After many years of struggle, it looks like momentum for progressive tax reform in Illinois is picking up.
Democratic gubernatorial candidate J.B. Pritzker, who’s mounting a strong campaign, has backed a constitutional amendment to allow a progressive income tax, under which rates would be higher for those with higher incomes. Democratic legislative leaders, long hesitant on this issue, are recognizing the necessity of the change.
The Center for Tax and Budget Accountability recently issued a report detailing how a progressive income tax could be structured to reduce taxes for 98 percent of state residents – everyone earning less than $300,000 a year – and still raise an additional $2 billion a year.
The extra money comes from raising the marginal rate for higher earners, up to 9.85 percent for people making over $1 million a year. That’s the top income tax rate in the Midwest, found in Minnesota (though there it applies to individuals making over $160,000) – which is the state that has led the region in job growth since raising taxes on the rich five years ago (and raising the minimum wage).
CTBA argues that Illinois’s fiscal problems stem from its flat rate income tax with a single rate for all income levels. That cuts the state off from the vast wealth that’s accumulated at the top of the income ladder. Combined with deductions and other state and local taxes, it gives Illinois one of the most regressive tax structures in the nation. “In Illinois, the top 1 percent of income earners pay just 4.6 percent of their income in state and local taxes, while … the bottom 20 percent of earners have almost three times the tax burden of the wealthiest, [paying] 13.2 percent,” according to the group’s new report.
It’s not that taxes are too high, it’s that the wealthy aren’t being taxed enough and everyone else has to make up for it. A progressive income tax would be fairer and would do a better job of raising revenue. After years of budget crisis, folks are catching on.
Of course, Gov. Bruce Rauner and Republicans see it differently. Rauner is gearing up for a re-election campaign that will hinge on his promise to cut taxes. It sounds quite good in a 30-second TV commercial. That’s because 30 seconds isn’t enough time to ask how it would actually work.

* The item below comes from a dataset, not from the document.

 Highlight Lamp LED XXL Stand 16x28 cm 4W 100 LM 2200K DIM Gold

Rauner has been promising – and failing – to cut taxes by cutting spending since his first days in office. His first act was to issue an executive order calling for a review of the state’s budget to identify “nonessential spending.”

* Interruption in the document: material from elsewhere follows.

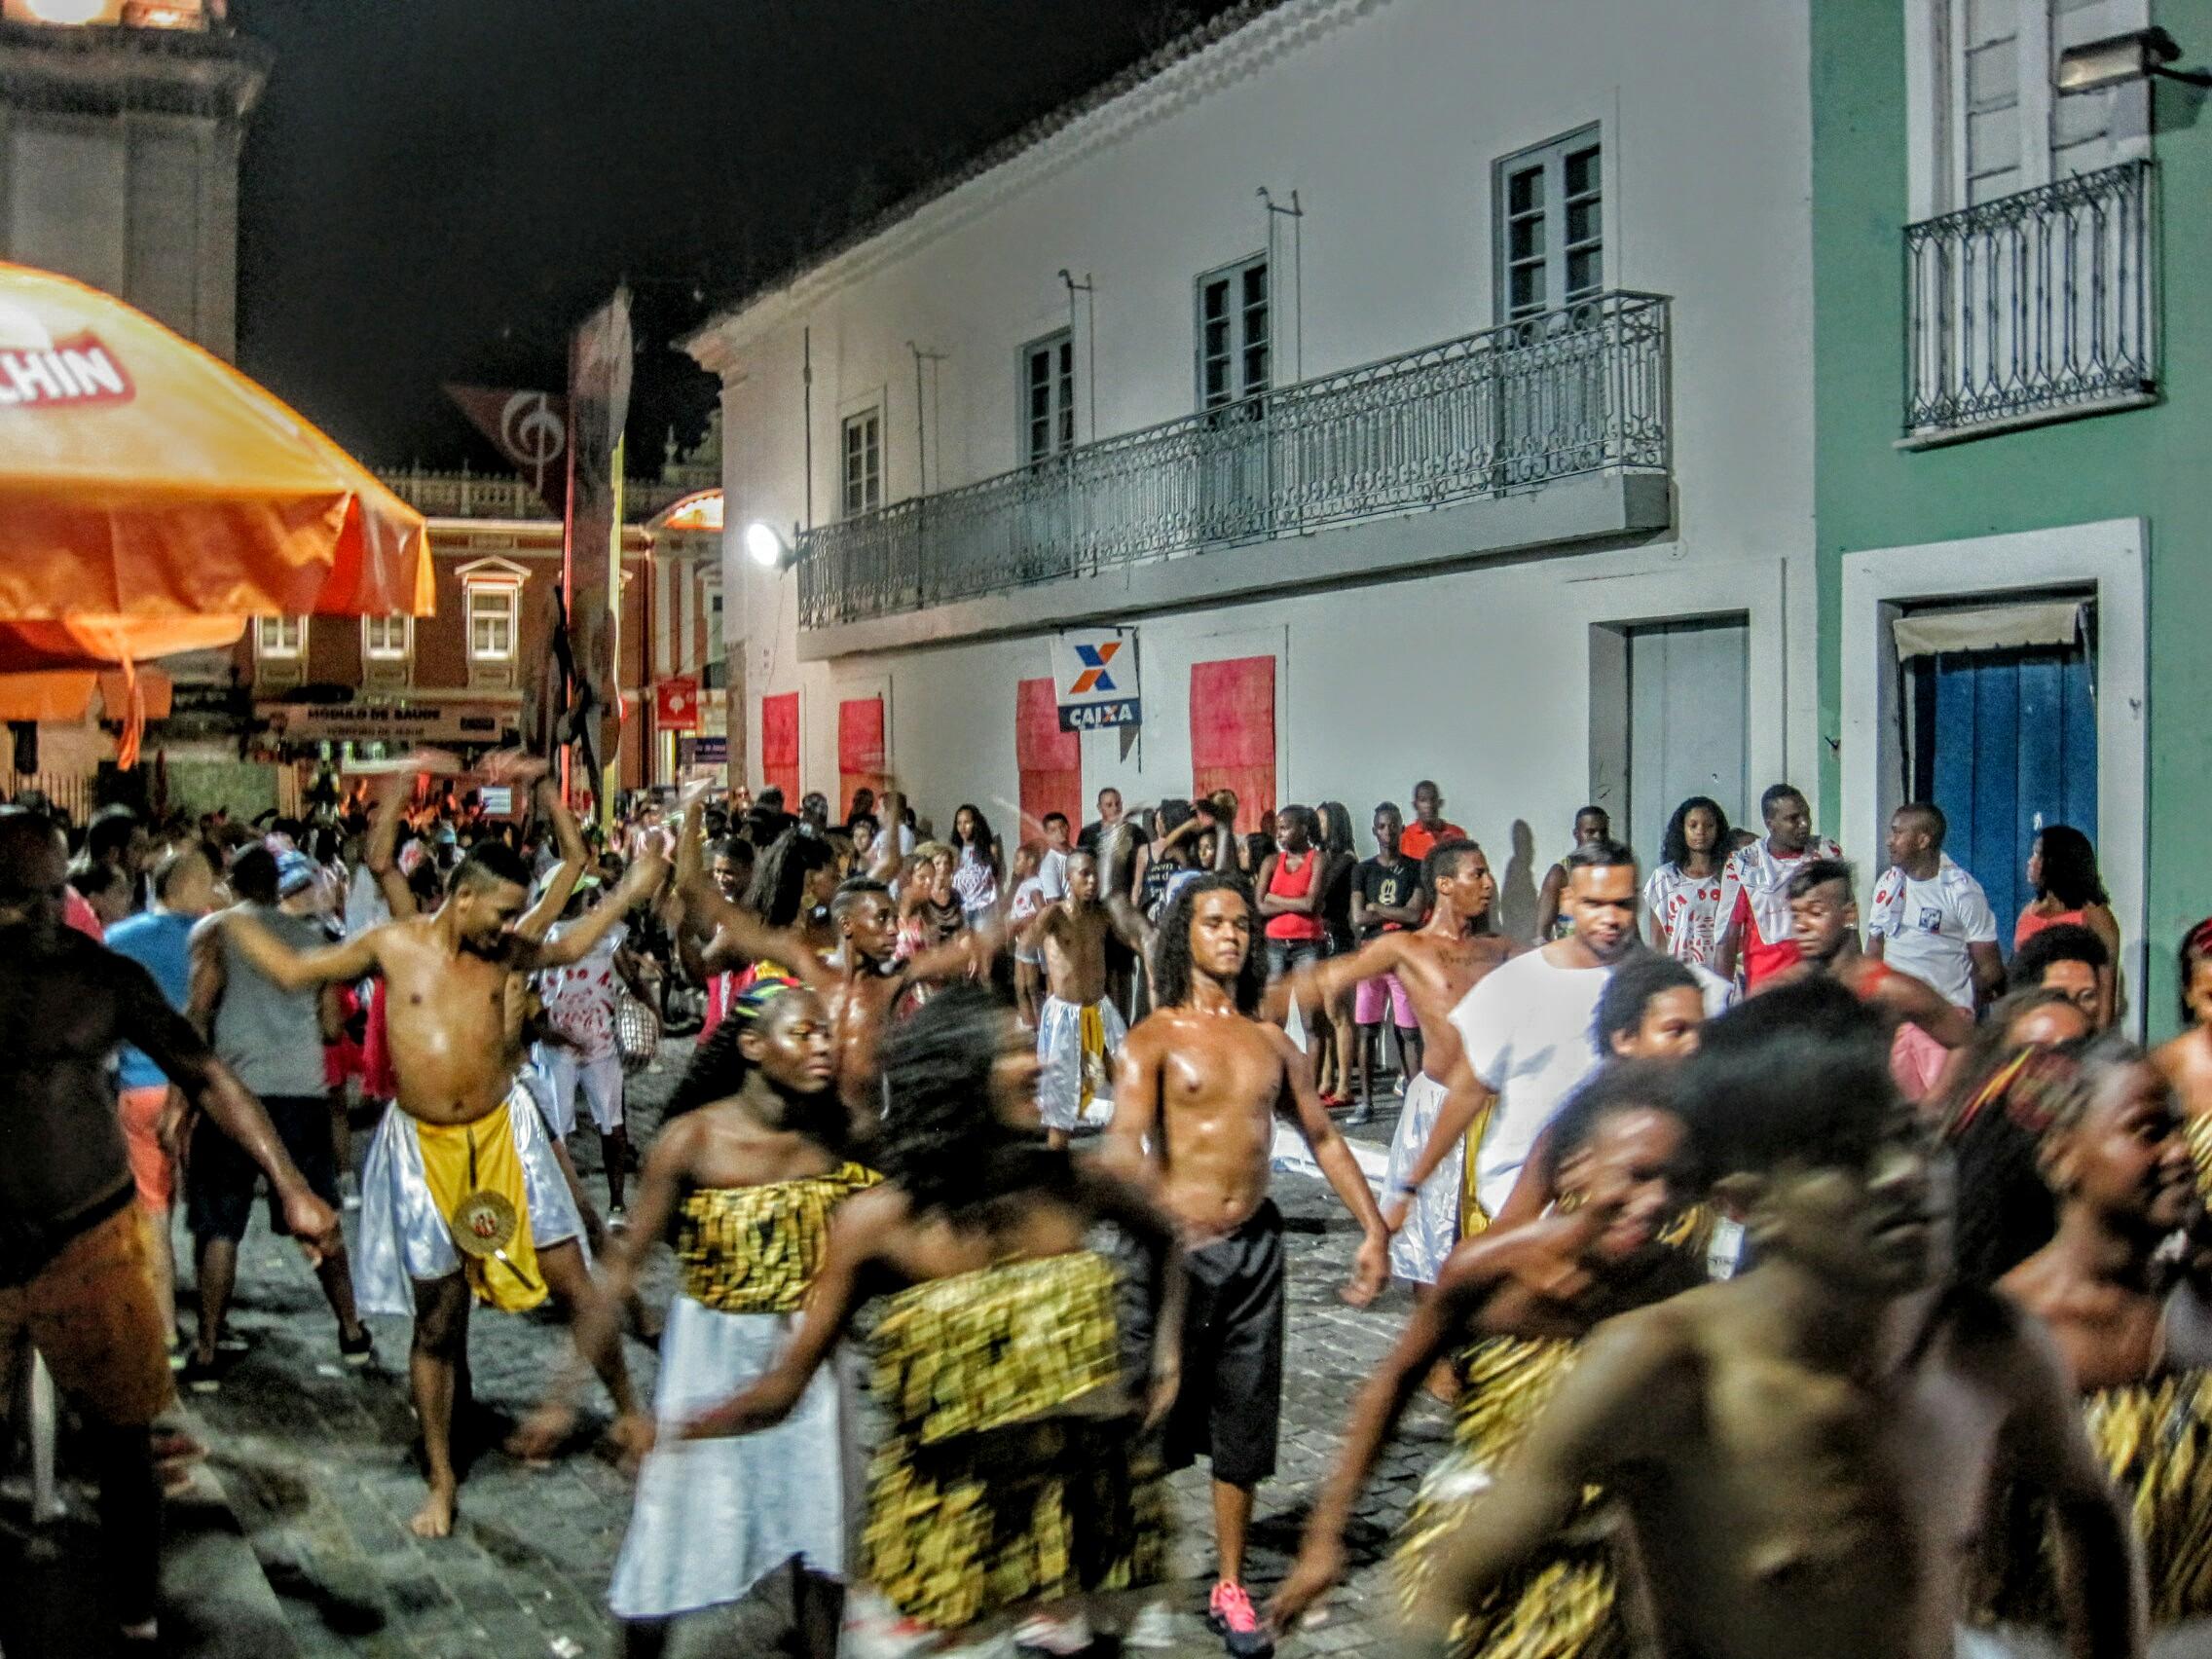 Dancers in the Pelerinho Carnaval Salvador Bahia

He immediately faced a state budget with a $1.3 billion gap due to the expiration of a temporary tax hike he’d campaigned against extending. But instead of cutting $1.3 billion in nonessential spending, he negotiated a deal filling the gap with a sweep of special funds. He complained when $300 million in cuts were still required.
Later that year his administration finally reported back on the executive order and proposed cutting just $26 million in “nonessential spending.” But that turned out to cover such programs as assistance for autistic children and burial funds for the indigent, among other things, and lots of folks objected to calling them “nonessential.” The cuts were rescinded.

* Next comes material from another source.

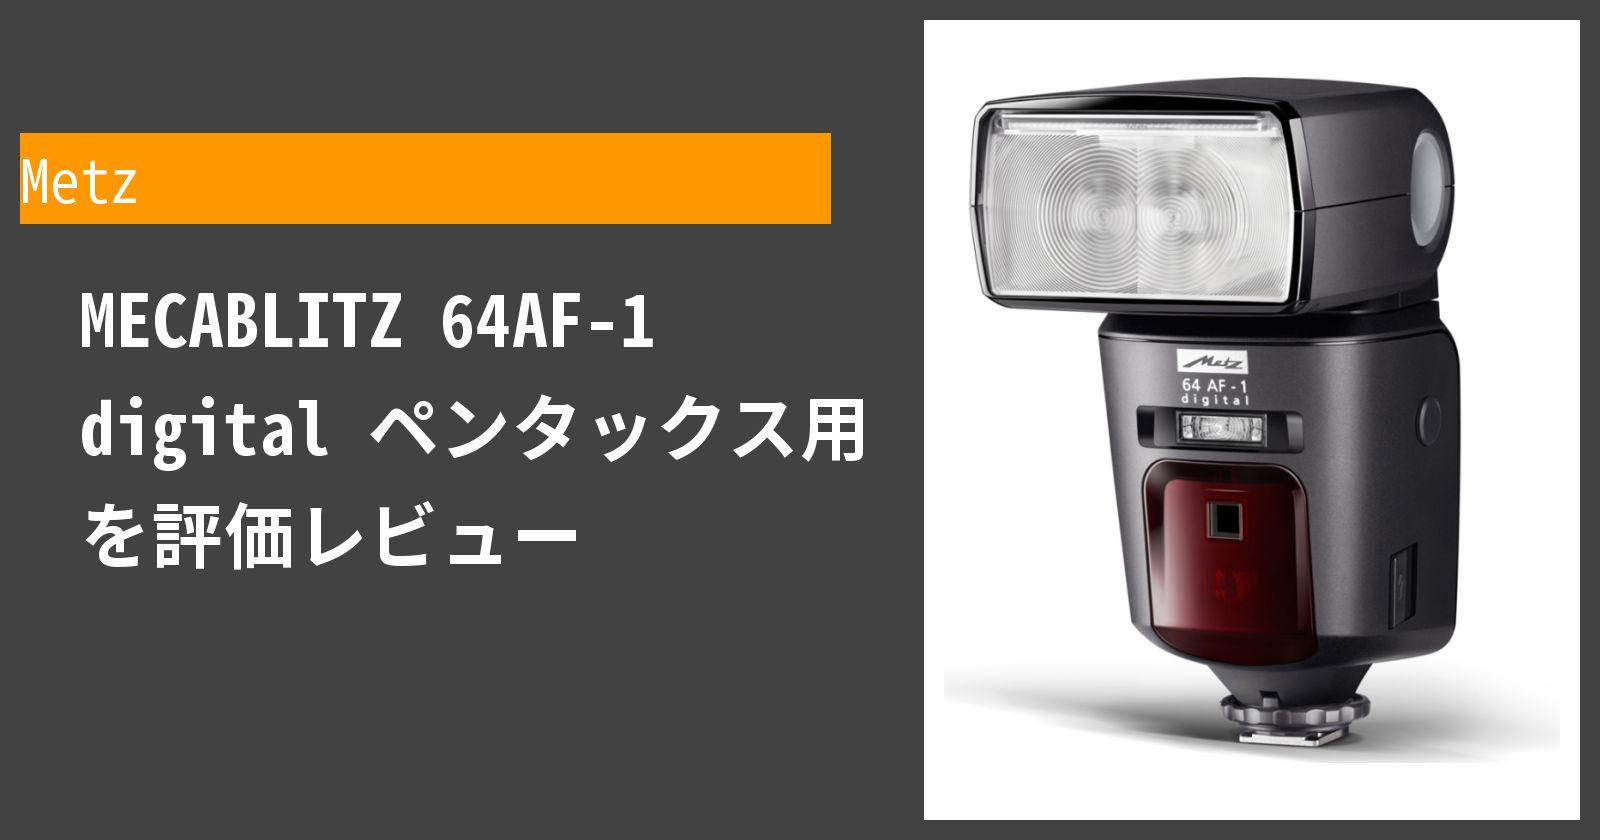 MECABLITZ 64AF-1 digital ペンタックス用を徹底評価

Last year, the Illinois Policy Institute, at the time Rauner’s chief external ally, proposed a budget blueprint for balancing the state’s budget without new revenue (not even cutting taxes). This would have required $1.2 billion cuts in K-12 funding, nearly $1 billion in cuts to higher education, eliminating $1.75 in state assistance to local governments, and eliminating 600,000 people from Medicaid rolls. CTBA said the cuts “would have a devastating effect on the state’s economy,” costing tens of thousands of jobs.
Now running for re-election, Rauner is presenting two very different faces. In his campaign commercials he touts his veto of last year’s tax hike; in his budget he relies on that revenue. His commercials promise a property tax freeze; his budget shifts pension costs to local school districts, guaranteeing property tax increases. His campaign brags about increasing school funding; his budget reduces state support for schools by as much as a half-billion dollars.
In his budget, Rauner proposed a $1 billion tax cut based on a pension reform scheme that is quite possibly unconstitutional without giving any details of how the new system would work. The tax cut “plan” promptly showed up in a commercial – which the Better Government Association rated “mostly false.”
If we can cut through the haze of big money media campaigns and have an honest and fact-based discussion of this issue – with a measure of compassion for the folks who rely on and provide crucial public services – we may be able to move this state forward.